* [Instructions to follow] The whole listing is to be restated word for word with no images.

* [Source data]

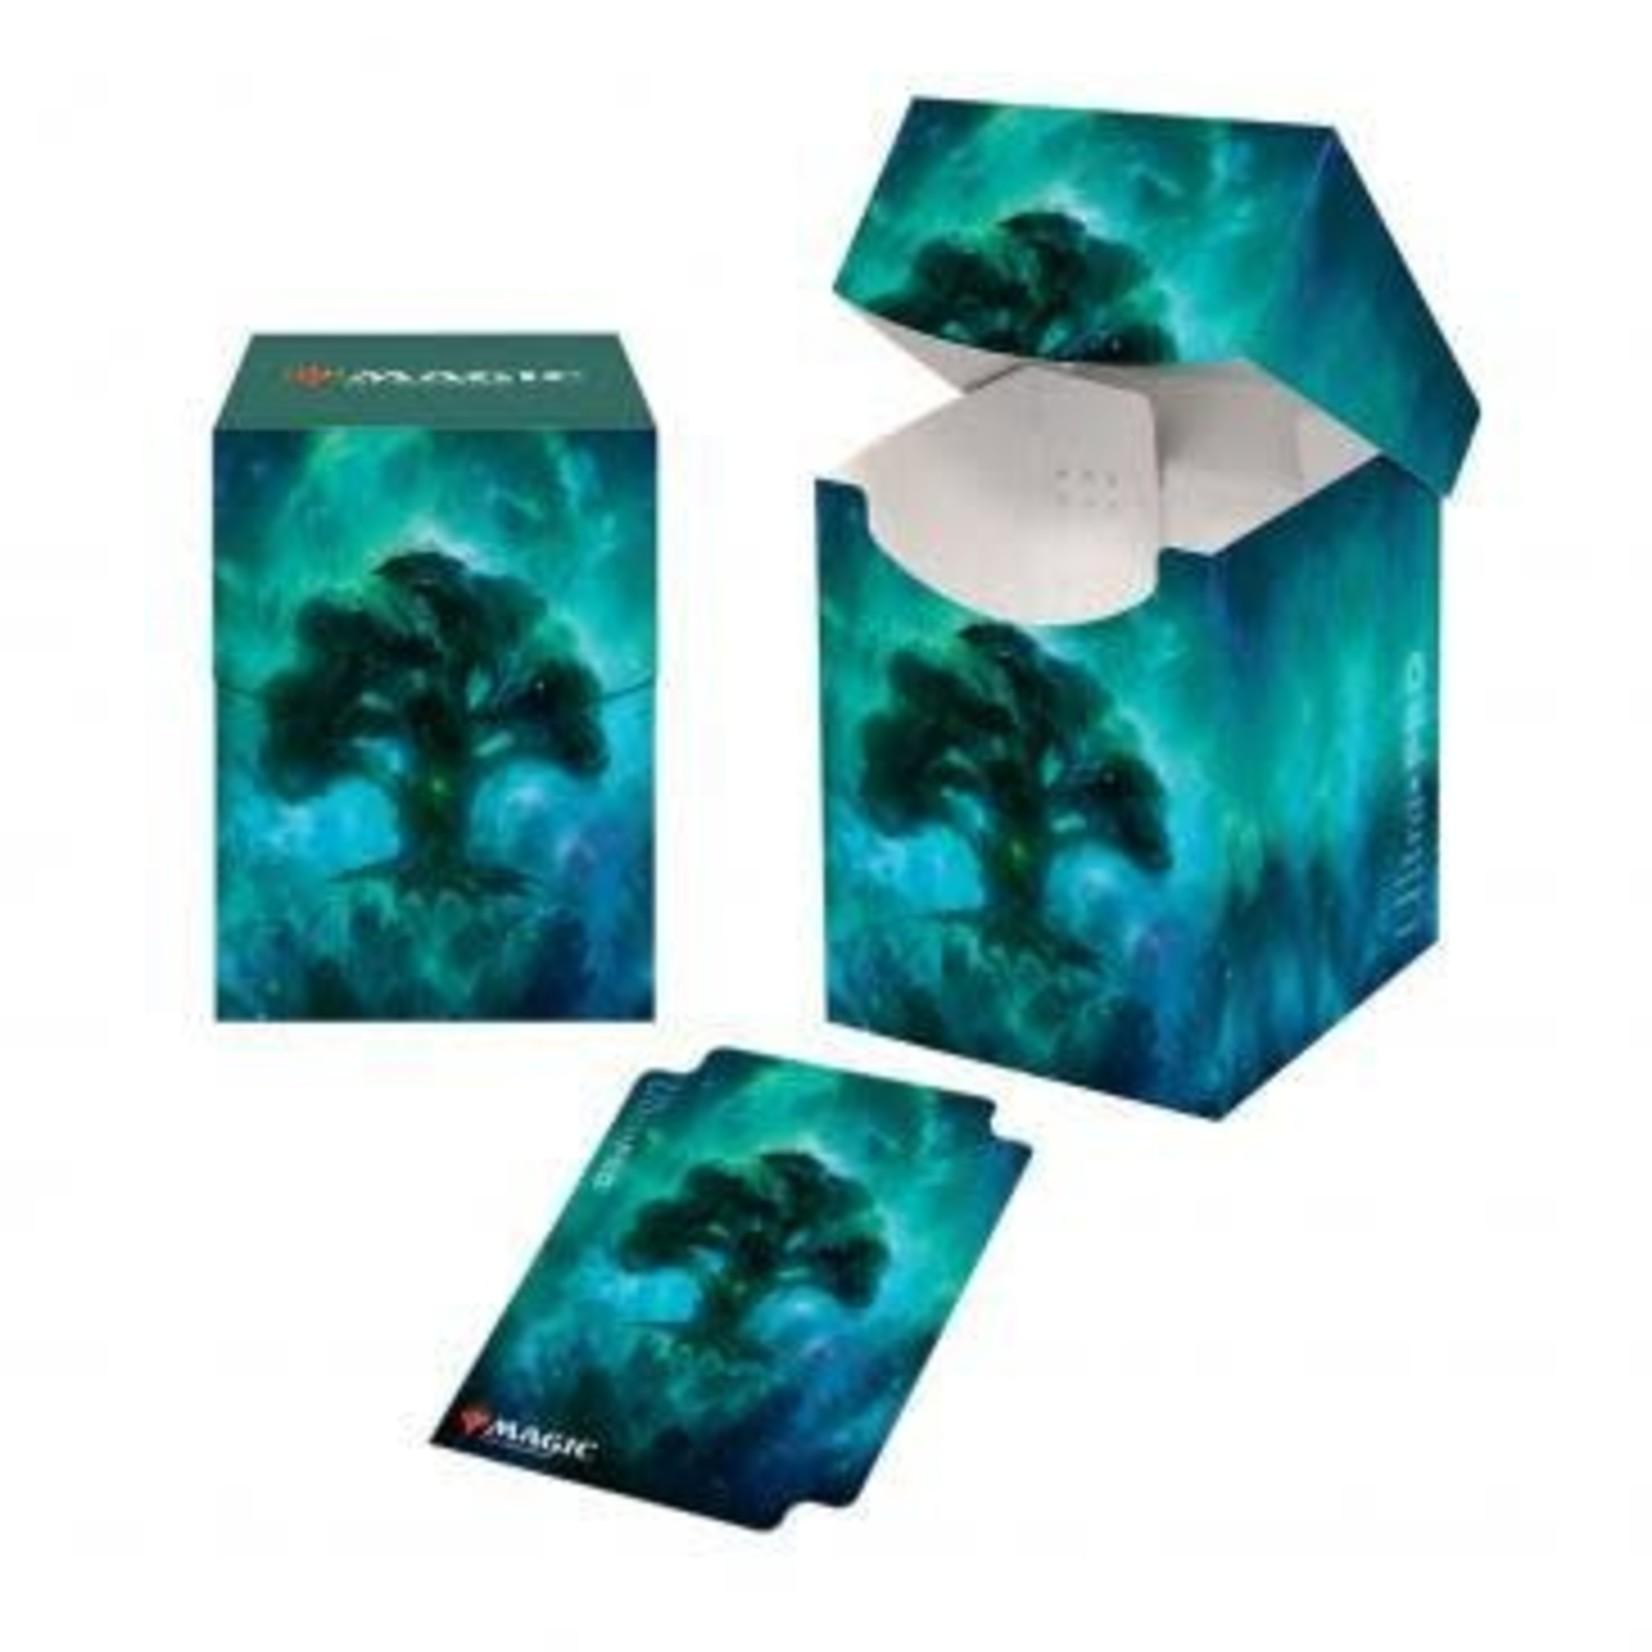 MTG Celestial Land Deck Box - Green
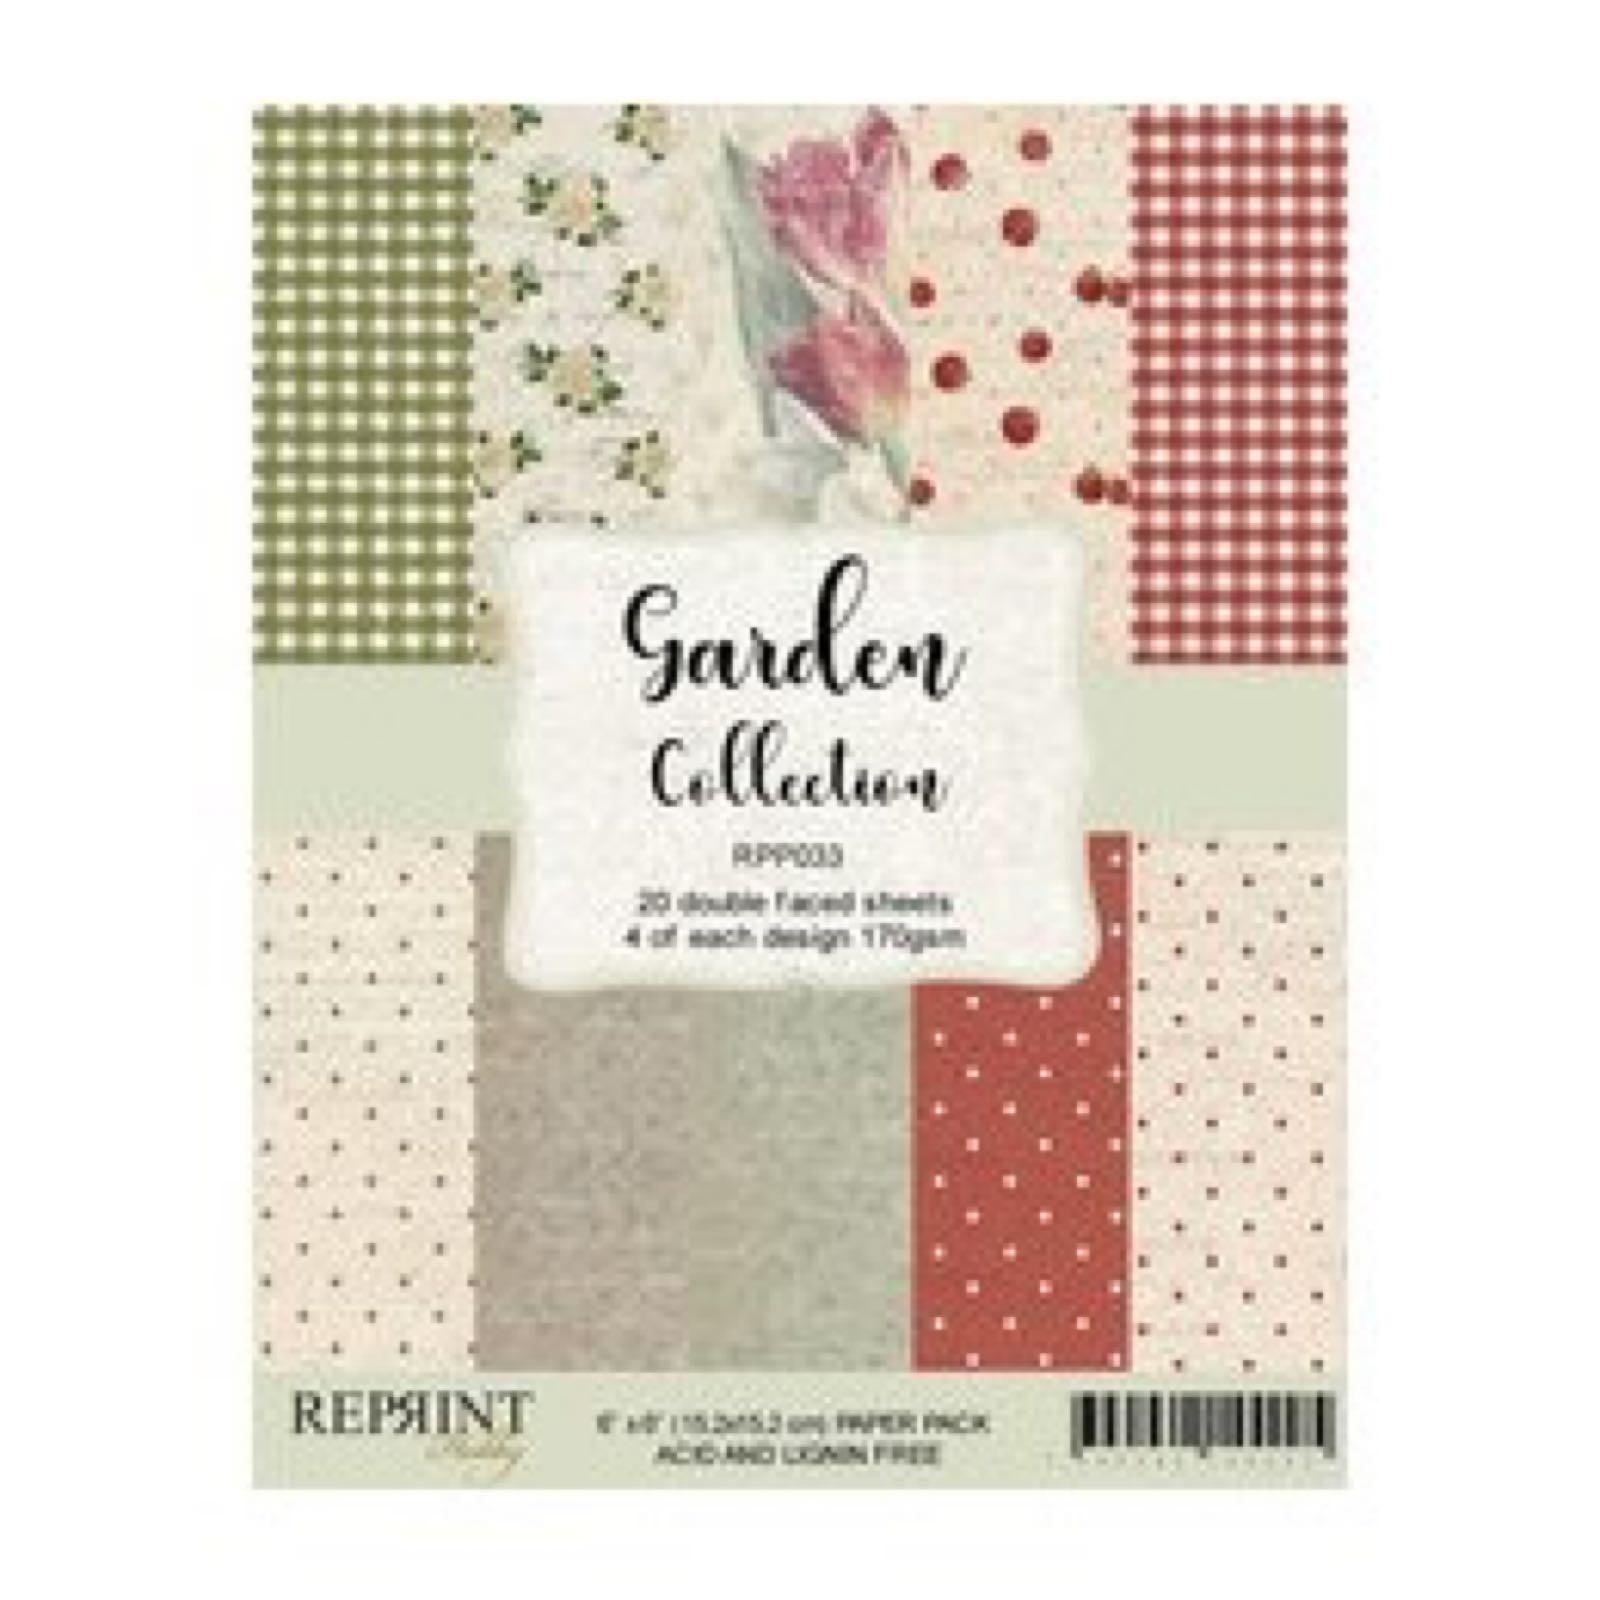 Reprint 6x6 , garden collection paper pack, RPP033
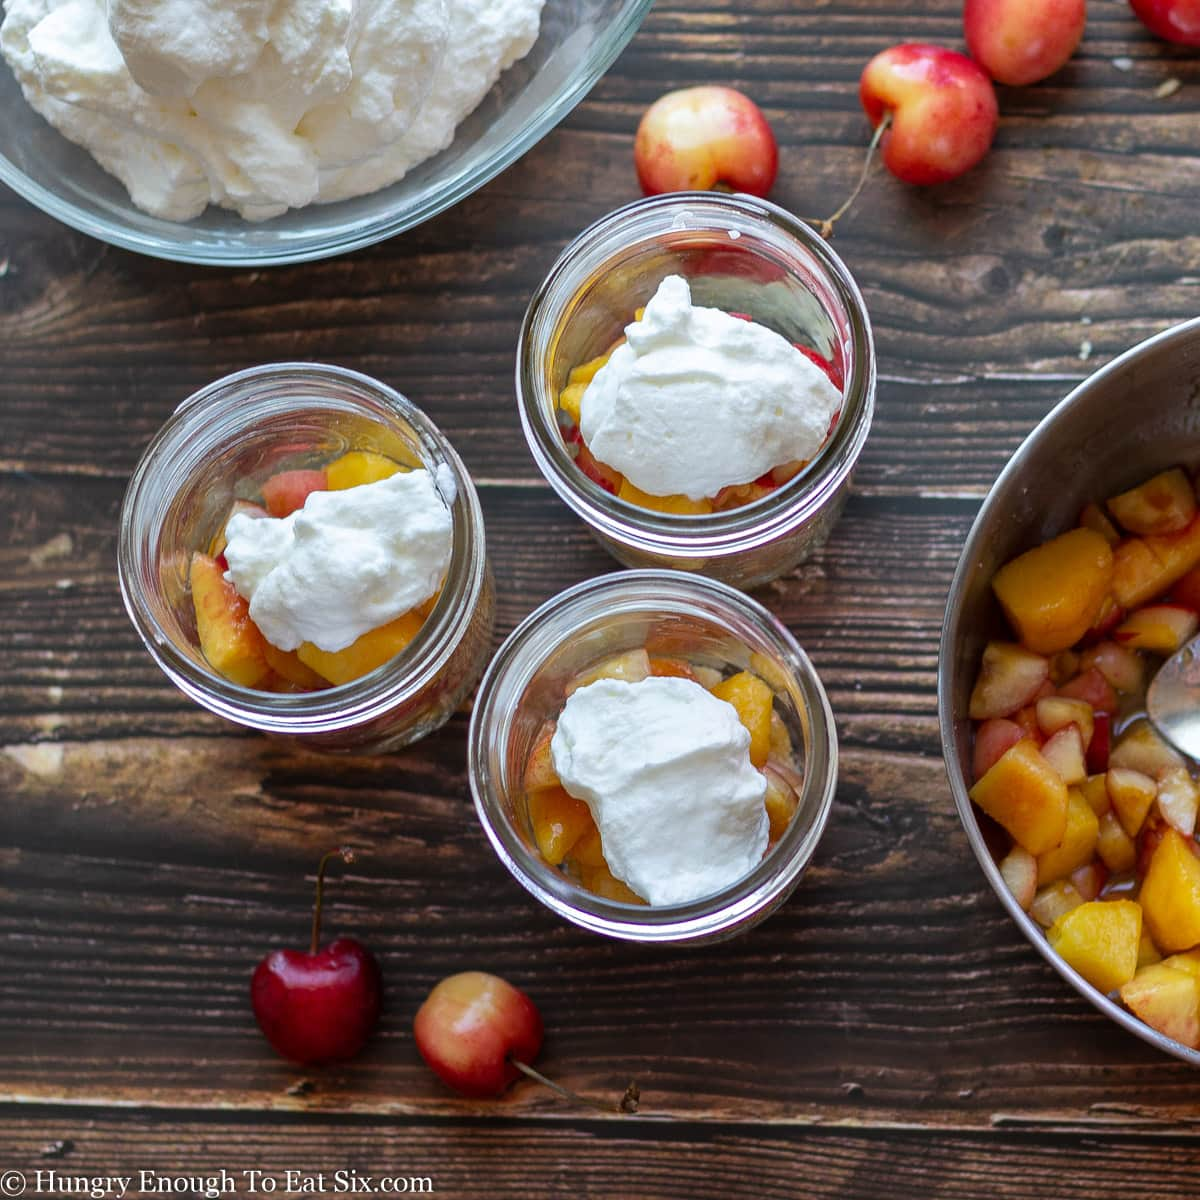 Mason jars with fruit and cream inside.

* [Exercise solution]
 MTG Celestial Land Deck Box - Green
 Reprint 6x6 , garden collection paper pack, RPP033
 Mason jars with fruit and cream inside.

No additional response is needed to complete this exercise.